When St. Louis banker William A. Donius stepped up to home plate at Busch Stadium Monday, he was wielding a five-foot-long check for $20,000 instead of a baseball bat.

On behalf of the Mortgage Bankers Association of St. Louis, Mr. Donius presented the symbolic check to an official of Major League Baseball's Cardinals for the benefit of the area's homeless. The team has a nonprofit arm that distributes money to charitable groups.

The association and its 50 bank members together give $100 for each Cardinal home run as part of a three-year-old Homers for the Homeless program.

"The more successful the players are, the more the mortgage bankers have to pay," said Mr. Donius, who is chief executive officer of $216 million- asset Pulaski Bank and co-chairman of Homers for the Homeless.

The giant check symbolized the minimum contribution the lenders plan to make at the end of the season. Of course, they will have to give more if the Cardinals hit more than 200 homers this year. They moved closer to that total during Monday's game when slugger Mark McGwire hit his seventh home run of the season in the sixth inning.

Mr. McGwire's tater should eventually help the homeless, and it definitely helped the Cardinals, who defeated the Philadelphia Phillies, 5- 2. - Laura Pavlenko Lutton

Arizona credit unions signed up more than 1,100 potential new members last weekend in the parking lots of Sam's Club stores.

To capitalize on federal legislation passed last year, 60 federal and state-chartered credit unions staged membership drives in the lots of five stores in metropolitan Phoenix, Tucson, Flagstaff, and Yuma.

"We didn't want to lose the momentum from HR 1151," said Gary Plank, executive director of the Arizona Credit Union League.

HR 1151-signed into law by President Clinton last August-allows credit unions to go outside traditional common bonds to recruit members.

The credit union booths were manned by employees sporting "We Can C.U. Now" T-shirts.
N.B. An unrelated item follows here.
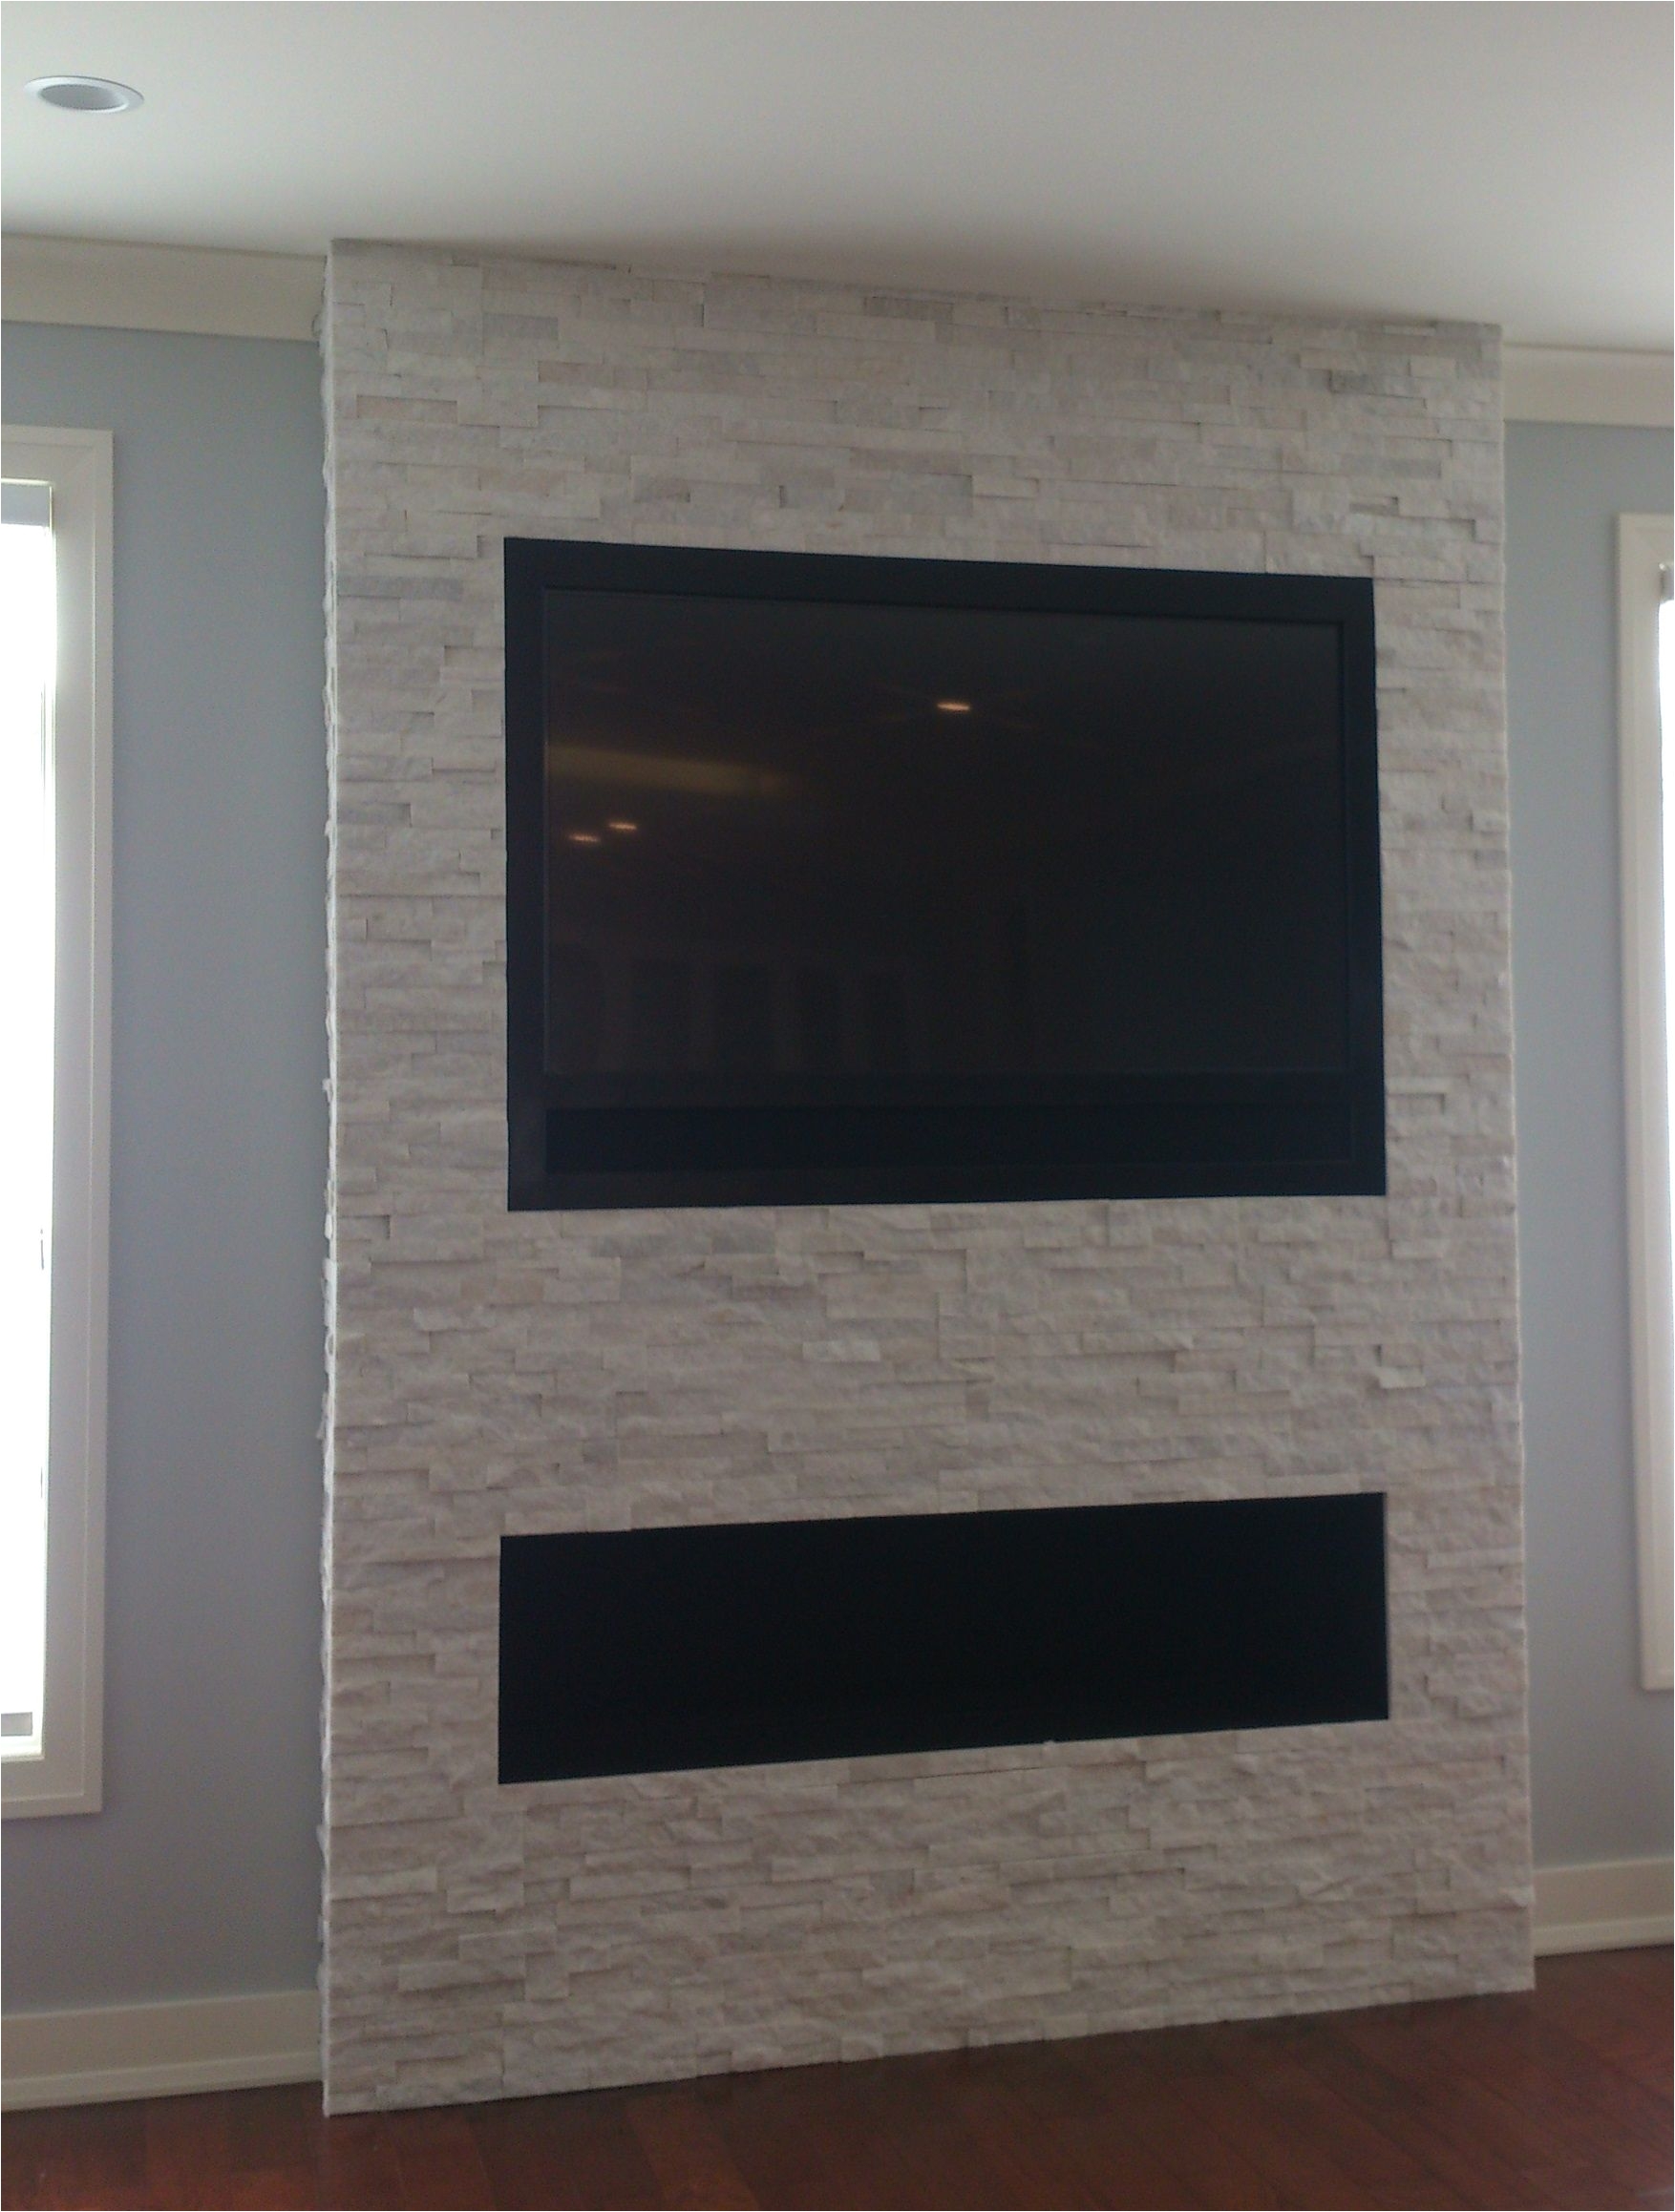 Fireplace Mantels with Tv Above Fresh Gas Fireplace without Mantle Wondering How to Mount A Tv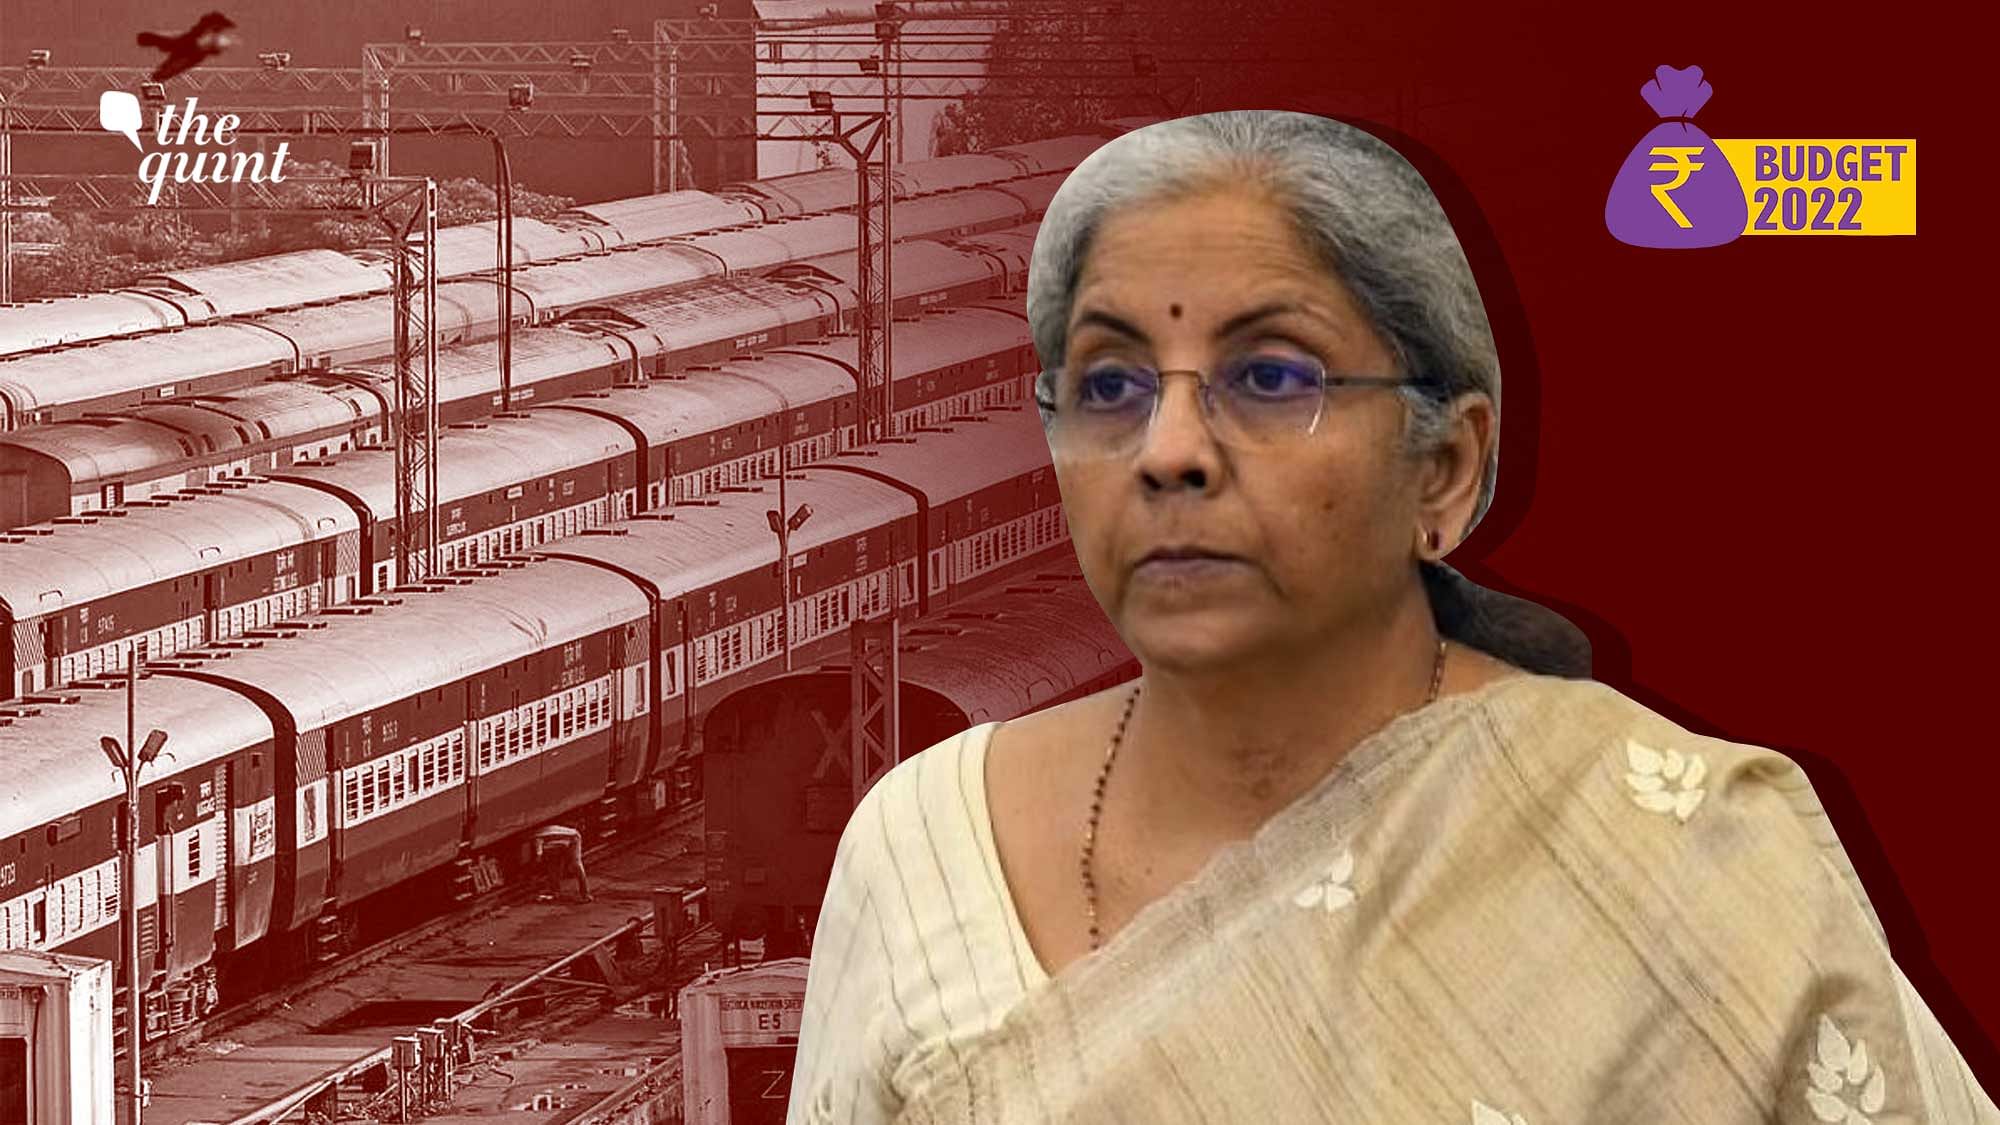 <div class="paragraphs"><p>While presenting the Union Budget 2022 on Tuesday, 1 February, Finance Minister Nirmala Sitharaman announced that 400 new generation Vande Bharat trains will be brought in during the next three years.</p></div>

Festivities included bobbing for $20 and $100 bills and a raffle for a Ford Escort.

Mr. Plank said he was pleased at the response-1,136 potential new members.

"It went as good as can be expected for hustling people for four hours in a park

ing lot," Mr. Plank said.

The league has also set up an "800" number, he said, which people can call to find whether they are eligible to join a credit union.

- Matt Andrejczak

If investors were caught off-guard by Coddle Creek Financial Corp.'s 62% first-quarter earnings decline, they had only themselves to blame.

The Mooresville, N.C., company reported earnings of 32 cents per share for the quarter ended March 31, compared with 84 cents a year earlier. The reduction was the result of a $400,000 charge taken by Coddle Creek to buy stock for the company's executive option plan-which was approved by shareholders in January.

Coddle Creek president George Brawley Jr. said shareholders "overwhelmingly" supported the option plan at the January special meeting. Nevertheless, he said, he has fielded calls in the last month from confused investors who are wondering why earnings fell so sharply.

Mr. Brawley has been able to calm fears by stressing that this was a one-time charge. Without it, Coddle Creek's earnings would have grown 8%, to 91 cents per share, he said.